Целую Вас и Лидусю, если она дома. Привет Нюше, Ваша Роза.

                Ребята чувствуют себя хорошо.

                * Уже получила письмо. Он был в пути 9 дней. (18 августа 1941)

                Дорогие! Открытки у нас уже появились. Большущее спасибо за присланные гостинцы: они цены не имеют и надолго нас обеспечат необходимым. Плитку еще не видела, посылку скоро распакую, не знаю, как вас и благодарить. Все в целости, только посылку для Катюши не могу еще получить.

                Сегодня послала вам телеграмму, боюсь, что это письмо придет раньше. Итак едут в «Ташкент город хлебный»[xxviii]. Предполагается состав подать нам в Гаврилов Ям и прямым сообщением, но сколько дней езды никто не знает и в какой день отъезд тоже нельзя предсказать. Никто ехать не обязан, но как остаться одним? Я бы очень хотела, Лидуся, чтобы ты приехала. Мне очень страшно с детьми ехать так далеко. Ведь я уже старая и мало ли что может со мной случиться, что будет с детьми? А вместе мы проживем как жили в Сочи и дождемся возвращения домой. В Л-де должны быть сейчас Бешелев и Гернет[xxix], присоединись к ним. (19 августа 1941)

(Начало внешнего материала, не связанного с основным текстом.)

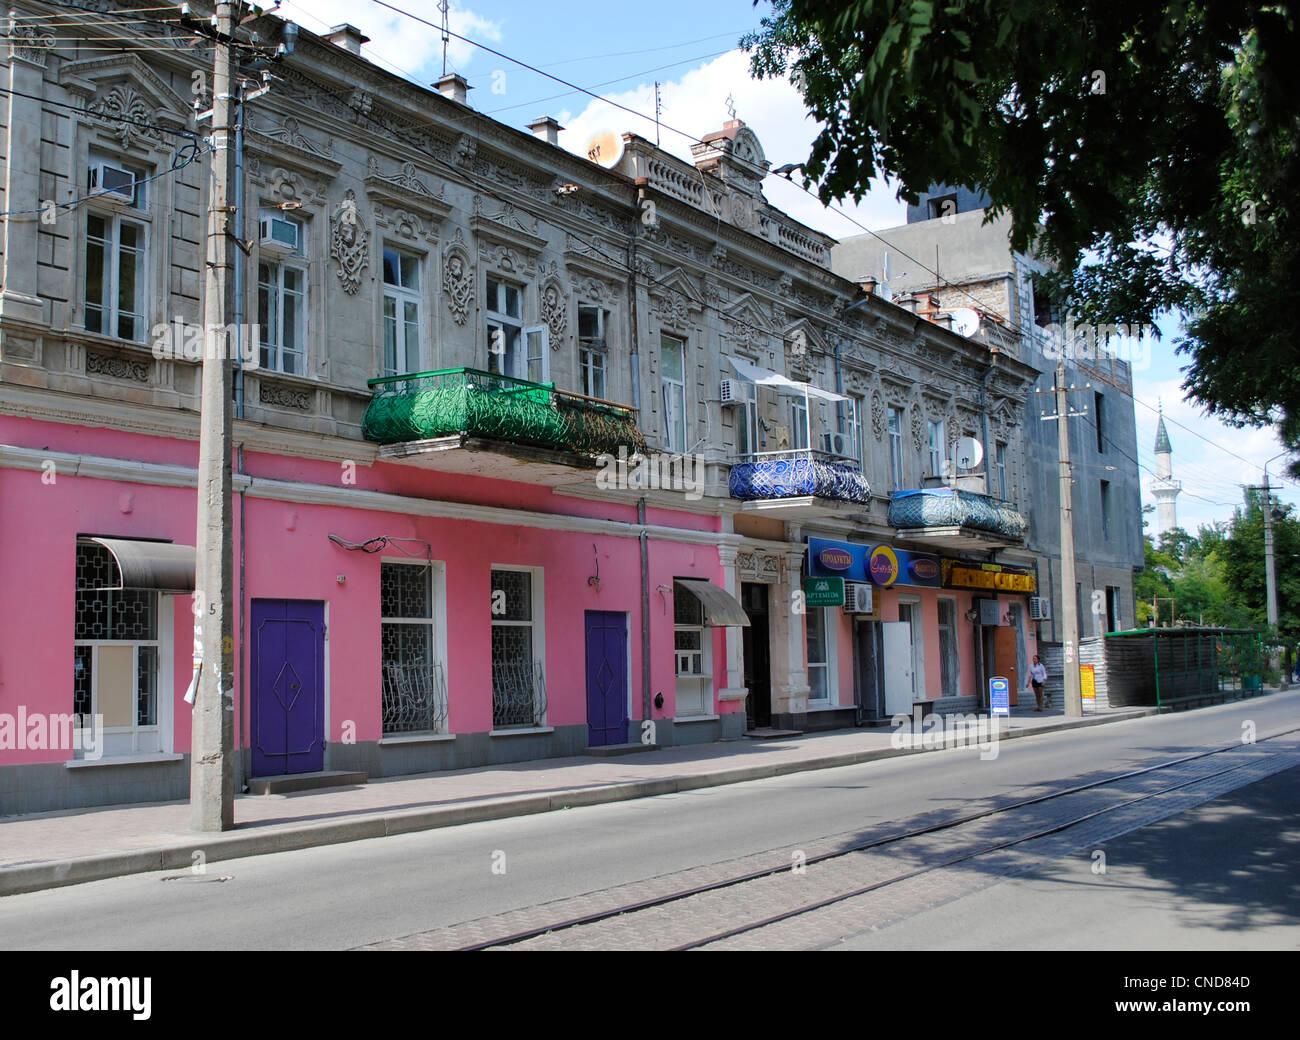 Ukraine. Autonomous Republic of Crimea. Yevpatoria. Revolution Street. Stock Photo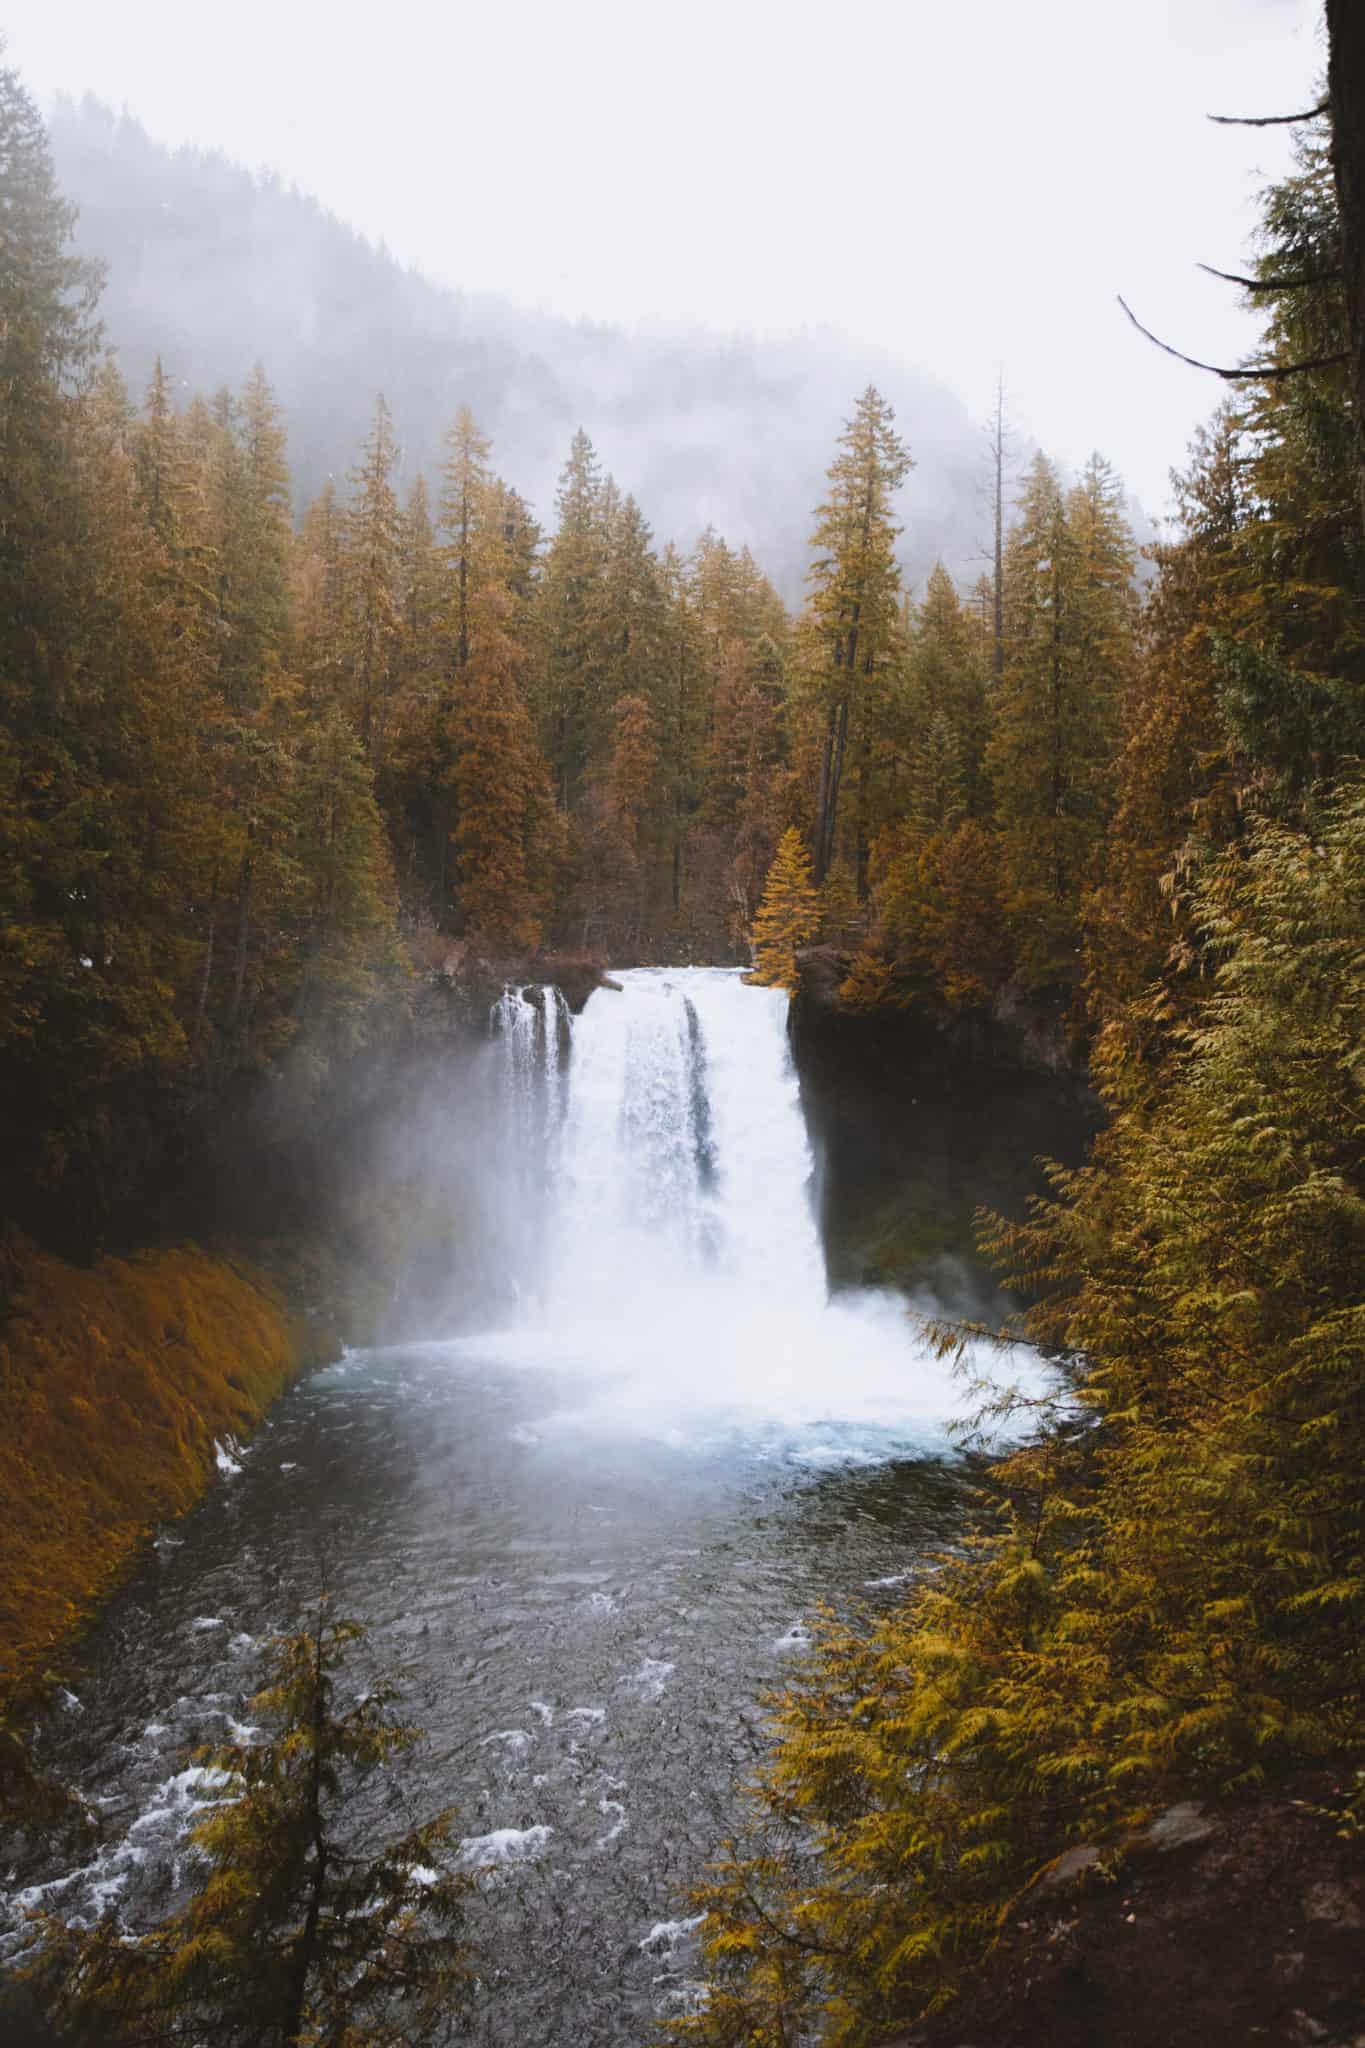 Koosah Falls, Oregon on January

                Дорогой Лидочек, писала тебе вчера и телеграфировала. Еще раз выражаю безграничную благодарность за все посылки, я понимаю, сколько труда ты и Нюша положили на это. Если будет повторная отправка посылок, то я бы хотела получить себе и Наташе флан. наши халатики и учебники для Наташи и Сережи. Наташины на дне ее шкафа приготовлены все. Мы очень взволнованы предстоящим отъездом. Мне, кажется, Лидуся, что тебе бы следовало приехать. Снесись с Литфондом, чтобы не опоздать. Я взяла из детских денег 200 р., остальные пойдут на покрытие взносов по 60 р. за Сережу и Женю. Лидочка, если ты хочешь вместо денег взять купон [неразб.] голубой мережкой, то Нюша тебе даст из сундука. У меня есть 1400 р. Обнимаю тебя и Мару, сердечный привет Сарре, Нюше, Белке, Френкам, писала Нине поздравление с Катюшиным днем рожденья[xxx]. Наташе гораздо лучше. Алеша уже на ногах. От Гоги имела открытку с места. Целую крепко. Твоя мама. (20 августа 1941)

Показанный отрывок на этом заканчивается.